I can access the box from outside the network using Putty, but viewing a test home page (literally 10 lines of html) fails with "Page too too long to respond".

What I know works:

  • On the network I can the "web server" set up and /var/www/html/[domain] correctly resolves when I go to 192.168.0.xx/[domain]
  • I have a dynu ddns set up and can access the command line from inside and outside the network using Putty
  • A port checker says that the port is connectable

What I have set up:

  • The custom (as in non-80) port is set up in Dynu and presumably as it works for my Putty connection this should work for viewing a web page
  • On my SH3 (in router mode) I have set up port forwarding TCP to send the custom port to the Box (external and internal port is both set at the custom port)
  • On the SH3 the 192.168.0.xx address is reserved for the box

What I have tried:

  • Simply putting in the 192.168.0.xx IP internally brings up the Apache2 "successful install" page
  • Using the Dynu URL does not resolve to the same page
  • Using [Dynu URL]:Port does not work for anything (I know, long shot)
  • Using [Dynu URL]/[Domain] reports a "too long to respond" error in the browser.

Now, I am definitrely doing something wrong, but if anyone can see the wood through my forest of trees?



My Broadband Ping - VM Router Mode


Current set-up: SH3 in Router Mode - TP Link Archer AX50 in AP Mode - M350 Fibre / Maxit TV - Talk Weekends (Now via the SH3 -which is great in a power cut)
3 REPLIES 3

Tudor
Very Insightful Person
Very Insightful Person

It’s all because the VM hubs do not support masquerading. Other routers often have an option to turn it off or on.

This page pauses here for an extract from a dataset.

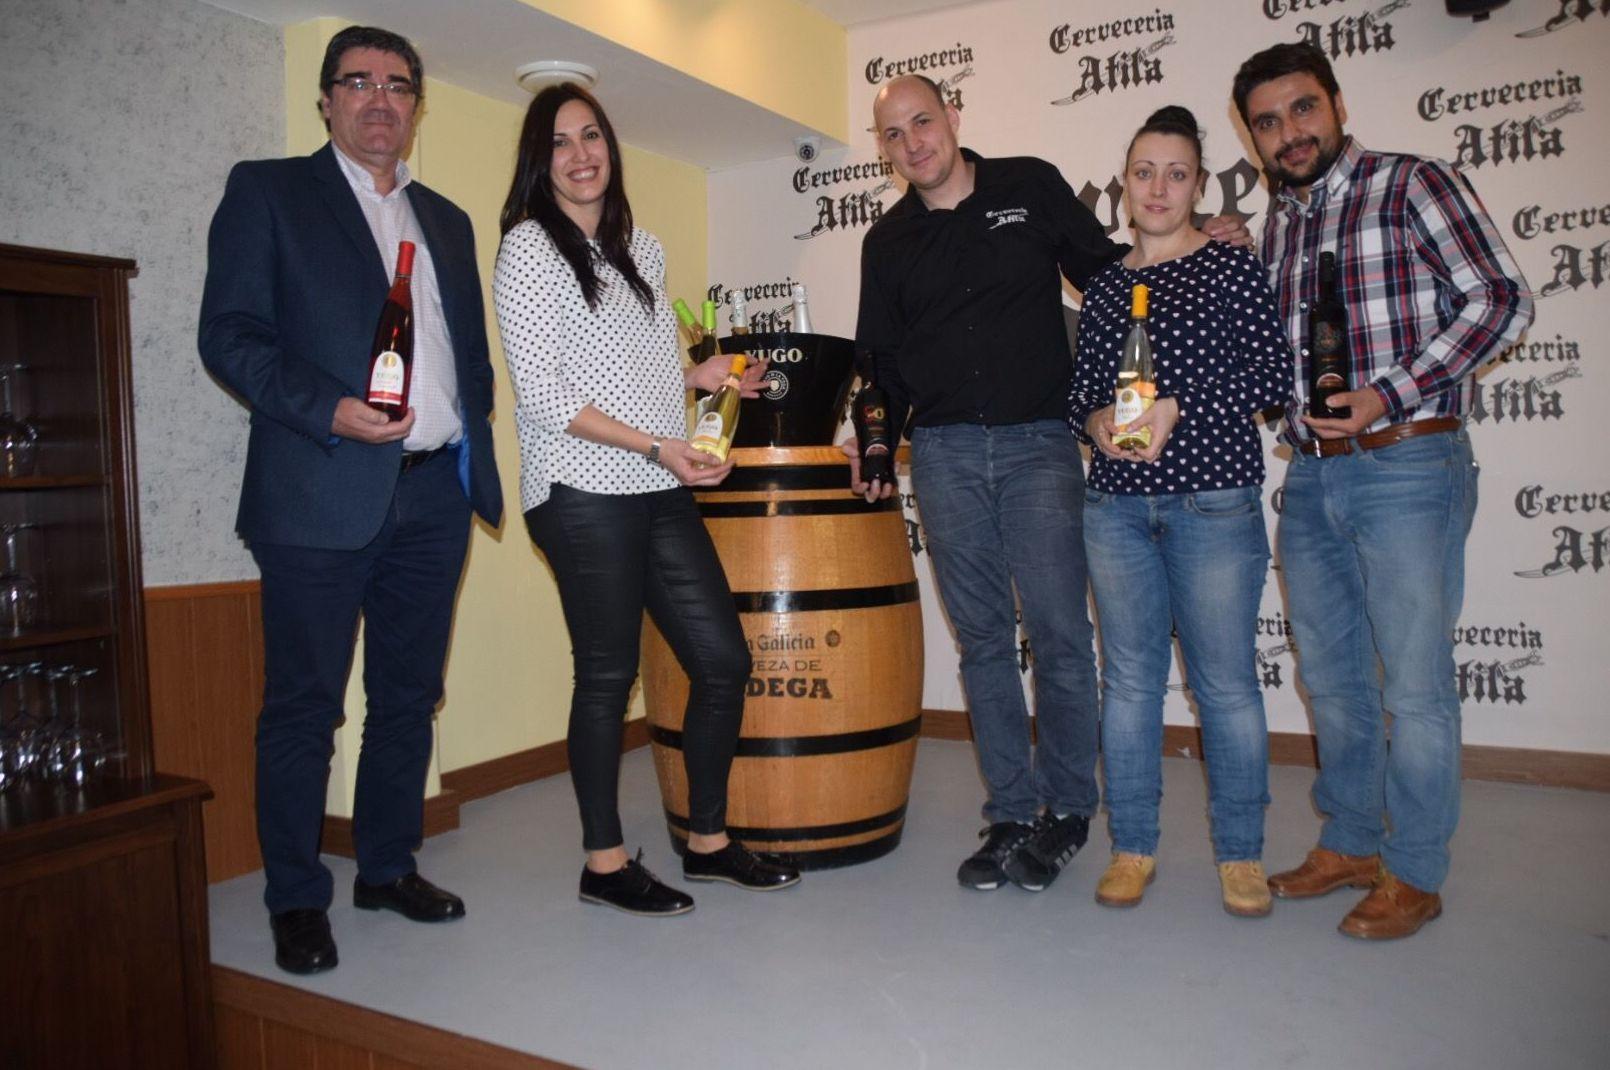 Foto 13 de Cervecerías en Pinto | Cervecería Atila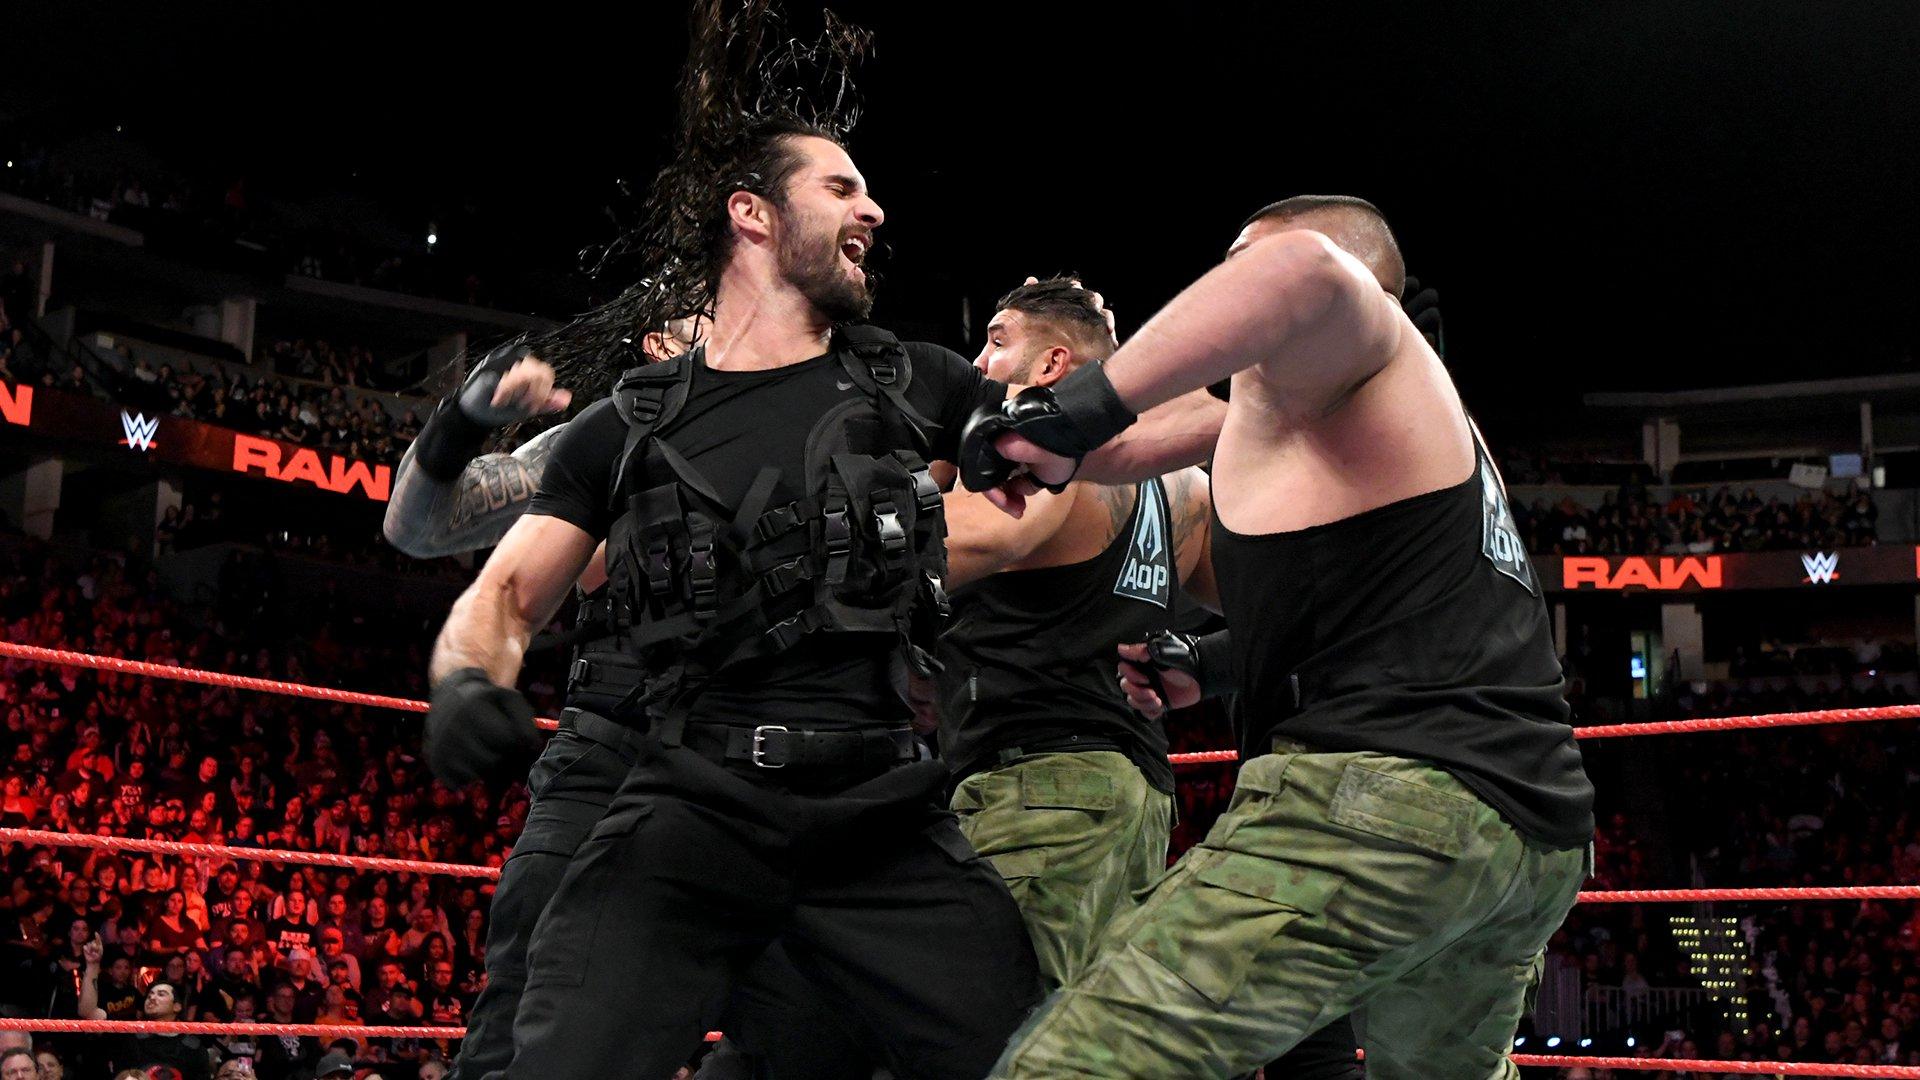 Wwe Raw Sept 24 2018 Wwe

So from a WAN location  www.myurl.com works, but from a LAN location is does not.


Tudor
There are 10 types of people: those who understand binary and those who don't and F people out of 10 who do not understand hexadecimal c1a2a285948293859940d9a49385a2

Ah - so accessing subdomain.mydynu.url from work will not get to my home box at all....

I only just put the SH3 from modem mode back to router mode as well....

Humbug!



My Broadband Ping - VM Router Mode


Current set-up: SH3 in Router Mode - TP Link Archer AX50 in AP Mode - M350 Fibre / Maxit TV - Talk Weekends (Now via the SH3 -which is great in a power cut)

Umm... this is exactly what I do, although I do now have the hub5.

I use ChangeIP.com to manage my dynamic dns, but I'd expect it to be the same.
At the DynDNS server you have to have an A record for your main domain and also for each of your subdomains (I had missed this latter part originally).

You then have to port forward on your router the required ports to your Linux box, and your Linux box then has to sort out the subdomains.

I am a little confused by your statement "The custom (as in non-80) port is set up in Dynu and presumably as it works for my Putty connection this should work for viewing a web page"

This could be your mistake? PuTTY is (presumably) using port 22 for an SSH terminal connection, (or whatever custom port you've assigned for terminal access), but that won't work for viewing a webpage. Standard HTTP webpages are (by default) on port 80, and encrypted pages are on port 443.

Which ports do you have assigned for which functionality, and have you got your forwardings correct all the way through the chain? (If you don't want to use your ACTUAL port numbers just use some place-holder number in the forum posts).